While Buckley consistently has incisive wit and penetrating insight, it was Muggeridge, in my estimation, who really shined. No, Muggeridge said, Nixon is not the devil, but he is a tenth rate politician. No, he answered, I can’t give you a glowing example of a twentieth or nineteenth century politician who we should look at as the standard because they all have warts and follow their age as opposed to lead it. No, he retorted, anti-Communism is not the best answer to Communism because it too risks becoming shrill, unbalanced and ideological.

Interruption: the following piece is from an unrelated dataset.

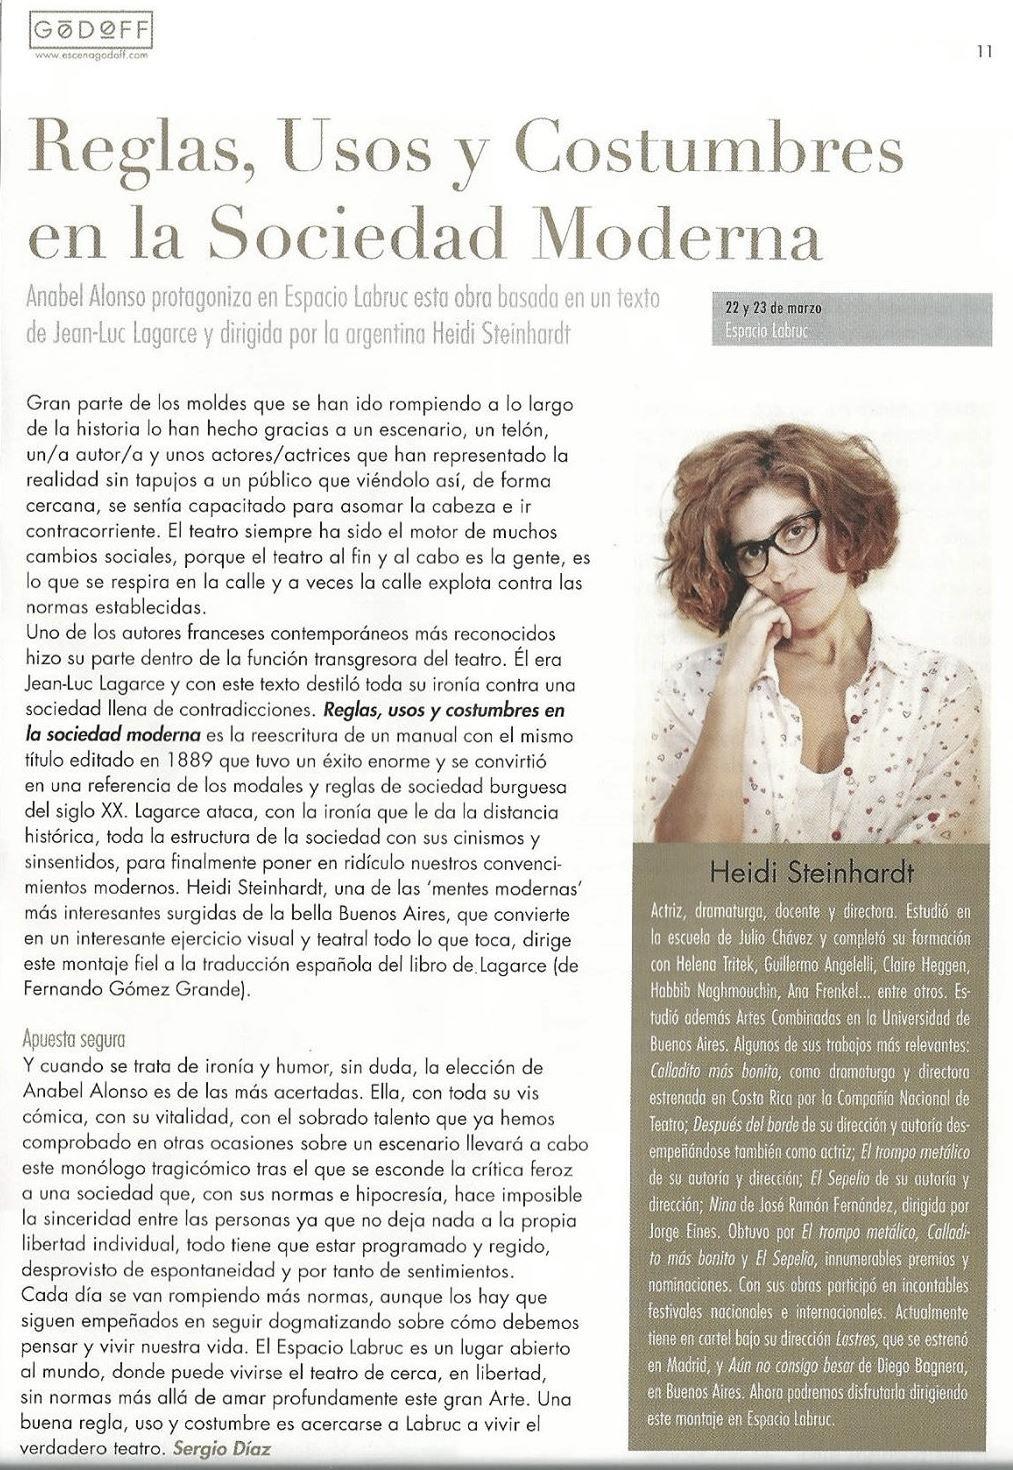 Revista Godoff
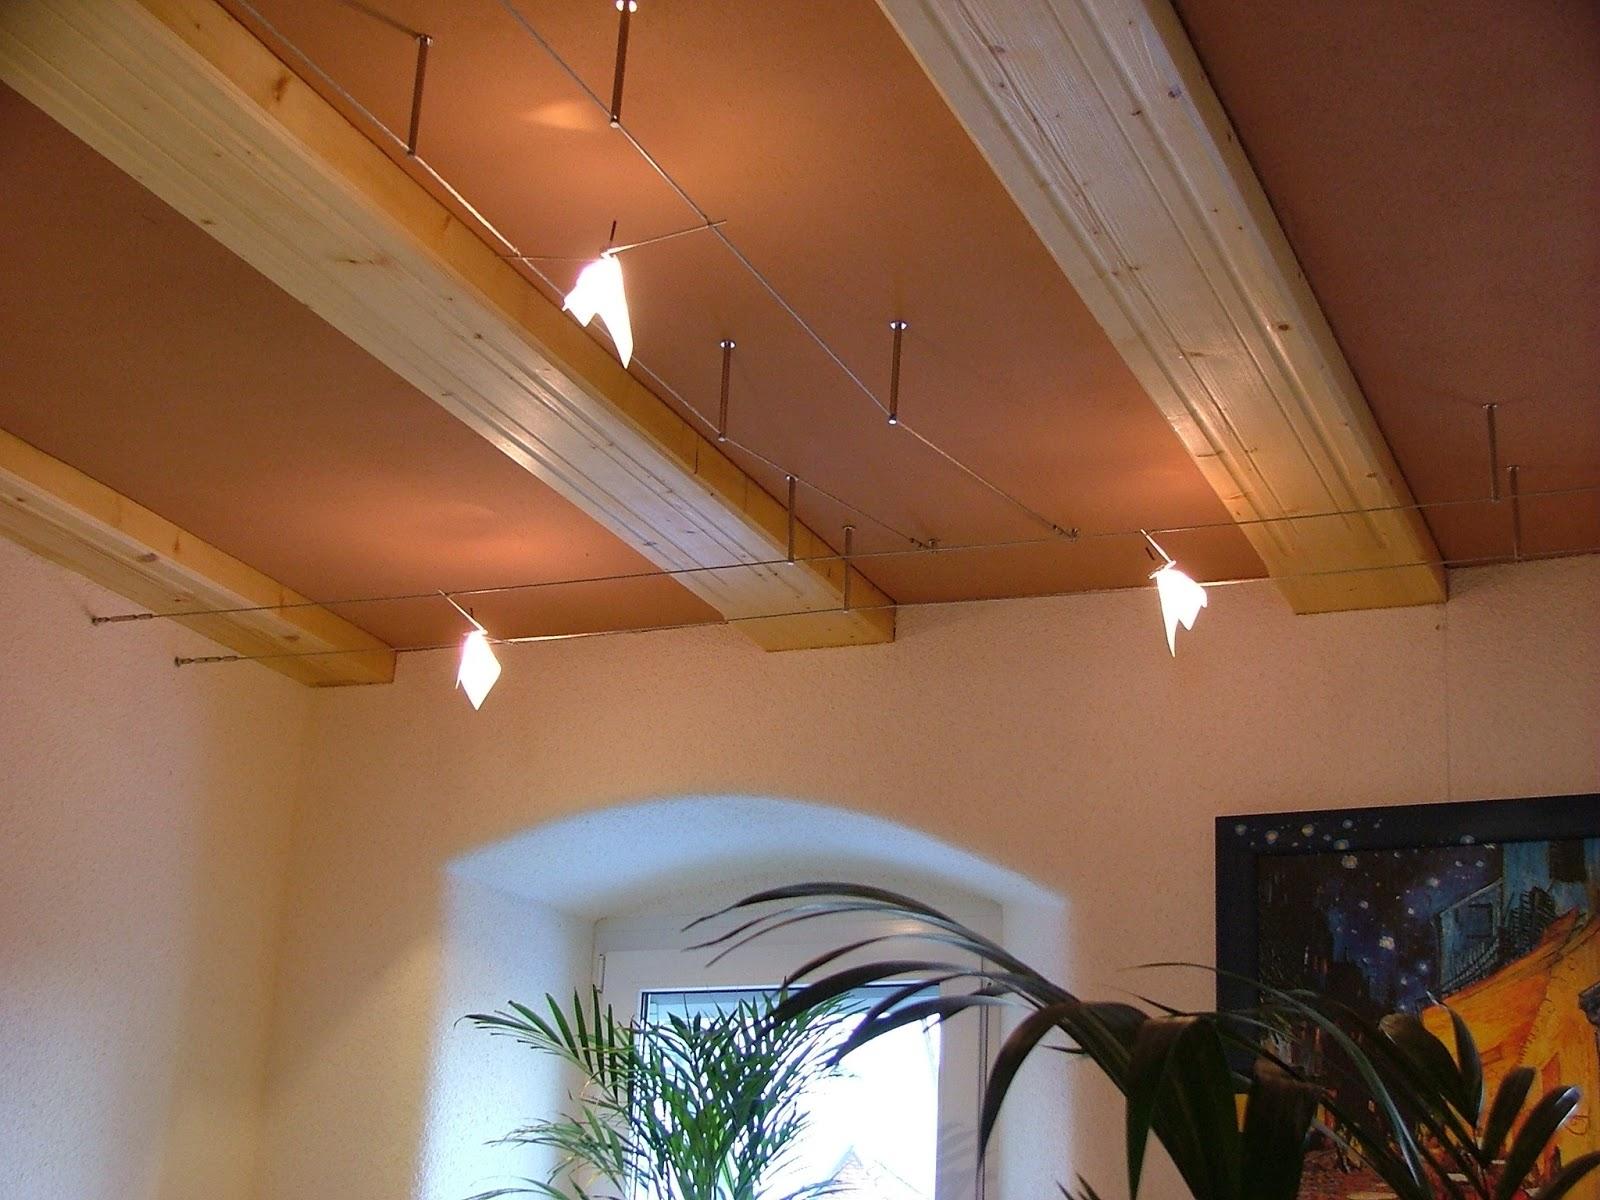 indirekte beleuchtung deckenbalken | hause dekoration ideen

And then he said this about Socialism:
[Socialism] is an inevitable accompaniment of [a] materialistic attitude to life. That if men could live by bread alone, then they must organize the production of their bread on more collectivist and intelligent lines. And then they would live by bread alone more successfully, but that would seem to me to be in a sense a detail. The fallacy is to suppose that they can live by bread alone.
Muggeridge, mildly exasperated, pointed out that all this talk about Communist or Capitalist economic policies and political ideology misses the larger point of what really matters in the debate. These disputes go deeper. These are questions of culture and civilization. They are concerns about the nature and destiny of man. When Christ rebuffed the devil’s temptation to turn stones into bread, he punctuated his refusal by saying,
It is written: ‘One does not live by bread alone,
but by every word that comes forth from the mouth of God.’
(Matthew 4:4)
A Godless approach to economics and politics (be it Communism or Capitalism), Muggeridge reasoned, is a doomed attempt to live on bread alone. In the end, it can’t be done. Every human being knows deep in their heart that Christ was right: there is something more than bread we are seeking. We are seeking purpose. We are craving meaning. We are hungry for dignity. We yearn for salvation. Just consider the millions who chanted at St. John Paul II’s 1979 Mass in Communist-oppressed Poland, “We want God.” St. Augustine’s God-shaped hole is sitting at the center of our restless souls waiting to be filled. And yet, history shows (and our wayward daily lives testify) that we are constantly trying to wedge some sad, ill-fitting surrogate into that hole. A collectivist paradise. A capitalist hedonism. A Hefner mansion. A drug-fed party. A state-run security. All the channels you want. All you can eat. A lottery funded sloth. Your name up in lights. Power. Honor. Pleasure. Wealth. Get your fix. And then come crashing down afterwards. The high never lasts. As Bishop Barron says, these are surrogates for God. And whether we know it or not, we will be sated by nothing but the real thing.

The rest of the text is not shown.